Trypanosoma brucei contains 11 diploid pairs of megabase chromosomes, as well as one to five intermediate chromosomes and approximately 100 minichromosomes of unknown ploidy [112] (figure 4a). These chromosomes are linear and have typical telomere repeats (TTAGGG) at the ends. Essentially, all the housekeeping genes are encoded in the megabase chromosomes and are transcribed as long polycistronic units with few exceptions [116–118]. The 26-Mb megabase chromosome genome contains approximately 9000 genes, including 1000 non-expressed variant surface glycoprotein (VSG) genes (most of which are pseudogenes [49]). Trypanosoma brucei lives extracellularly in the mammalian hosts and evades the immune response by means of antigenic variation [119]. Trypanosoma brucei expresses a single surface coat protein (variant surface glycoprotein, VSG) from one of approximately 15 expression sites (ESs), which locate proximal to the telomeres of megabase or intermediate chromosomes. Notably, expression of the VSGs is driven by RNA polymerase I from a special nuclear site, called the expression site body [80]. Although VSGs are highly immunogenic, T. brucei manages to escape the immune response by switching the expression of VSG up to once per 100 cell divisions [120–122]. This VSG switching often involves gene conversion of VSG cassettes into the active ES, creating and expressing a novel VSG gene that has not previously been seen by the immune system [123,124]. This intricate monoallelic expression and periodical switching of VSGs enable the parasites to evade the host immune response (reviewed in [125–127]), and it is thus difficult to develop effective vaccines. The parasite possesses approximately 100 minichromosomes that harbour additional VSG genes that serve as templates for recombination into one of the ESs [128]. Consistent with the concept that these small chromosomes are important for antigenic variation, they are segregated faithfully during cell division [129,130]. Minichromosomes are mostly composed of the 177 bp repeats of unknown function [131]. In addition to these linear chromosomes, circular DNA of up to 400 kb, called NR (NlaIII repeat) elements, are found in many strains, although their function remains unknown [132].

Figure 4.

Chromosome structure and organization. (a) Diagram of the three different types of chromosome in T. brucei.
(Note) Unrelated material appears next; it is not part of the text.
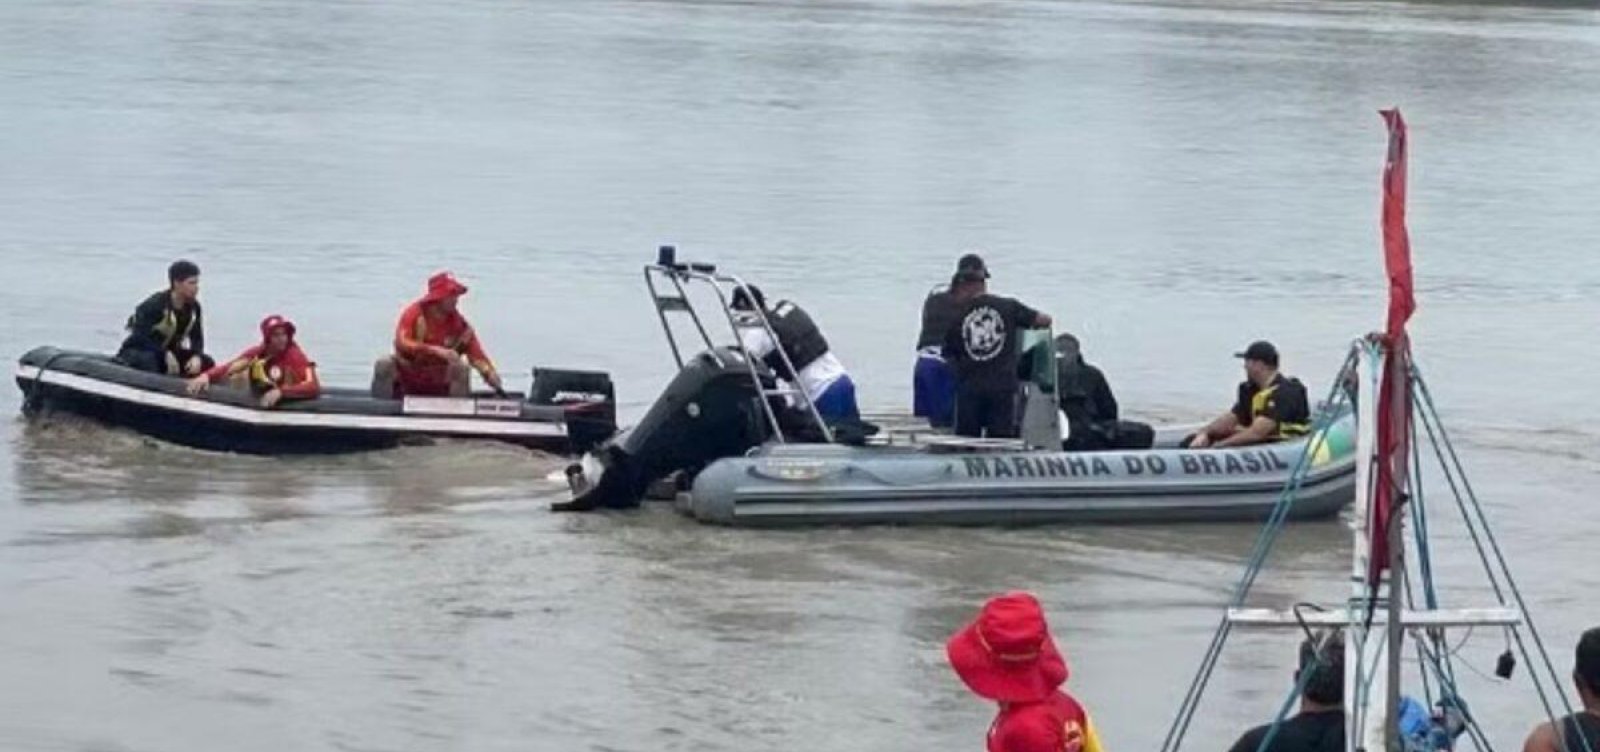 PF do Pará investiga se corpos encontrados em barco são de refugiados do Caribe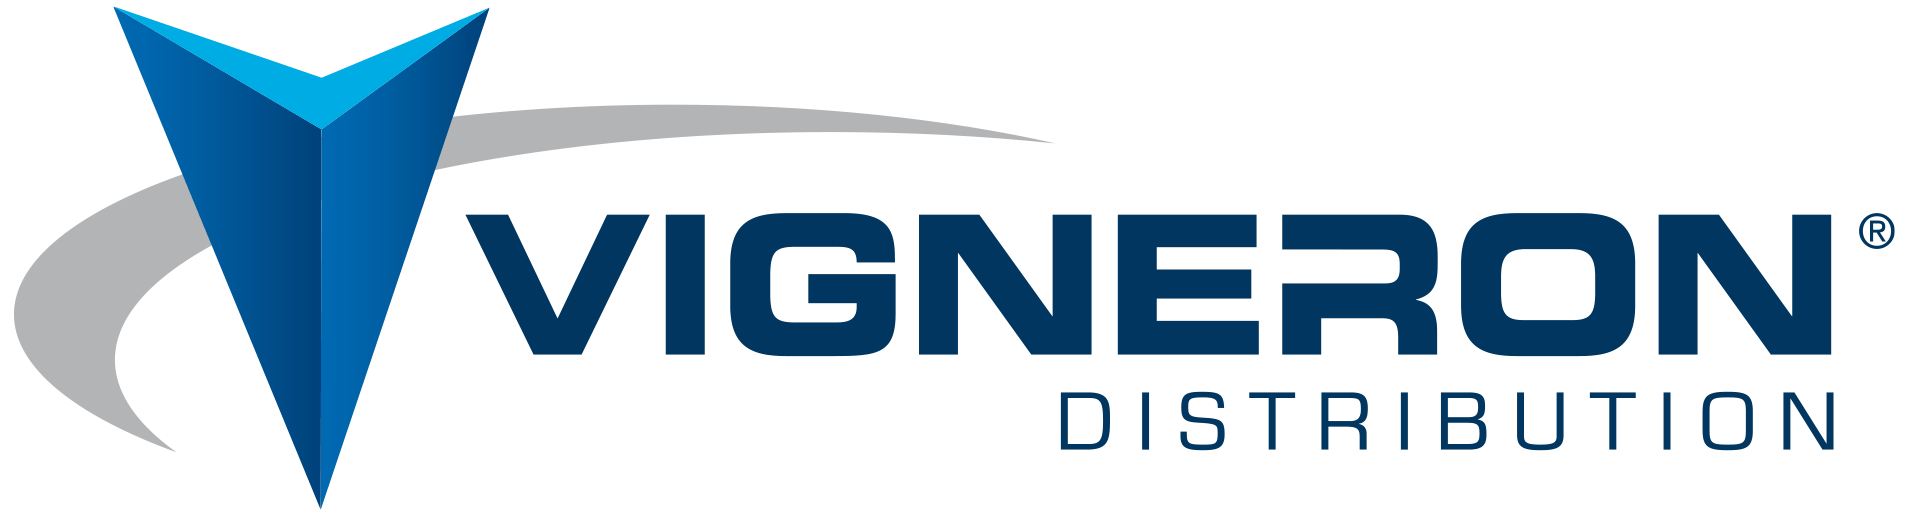 logo VIGNERON Distribution

Essentially, all housekeeping genes are encoded in megabase chromosomes and are expressed in polycistronic transcription units. The centromere is located in a transcriptional strand-switch region of megabase chromosomes, while such a centromere appears absent from intermediate and minichromosomes. The core of minichromosomes consists of the 177 bp repeats and is constructed in a palindromic manner with a single inversion point in the centre. The complete intermediate chromosome structure is not known, but 177 bp repeats are present. (b) Diagram of the centromeric region of T. cruzi chromosome 3 and T. brucei chromosome 1, based on [113–115]. Various retro-elements are found in both species (e.g. INGI, DIRE, VIPER/SIRE and L1Tc). The T. brucei centromere additionally contains AT-rich repeats. Ribosomal RNA gene arrays are present on a subset of chromosomes. Note that these centromeric regions retain synteny in the two species that diverged more than 200 Myr ago.

6.5. Centromere structure

The centromere is the chromosomal locus where kinetochores assemble to mediate the interaction with microtubules. Despite its fundamental importance, centromere structures are highly divergent and three different types are found: the regional centromere, point centromere and holocentric [133]. It is thought that regional centromeres represent the ancestral form, whereas point centromeres and holocentricity are derived features [134,135]. Determining the position of a centromere can be done in several ways. (i) By mapping the region of a given chromosome that confers mitotic and/or meiotic stability (e.g. Saccharomyces cerevisiae and Arabidopsis [136,137]). (ii) By determining the DNA sequence that associates with kinetochore/centromere proteins. For example, CENP-A (Candida [138]) and topoisomerase II (human [139,140] and Plasmodium [141]) have been used. (iii) By mapping the position of primary constrictions using a fluorescence in situ hybridization approach [142].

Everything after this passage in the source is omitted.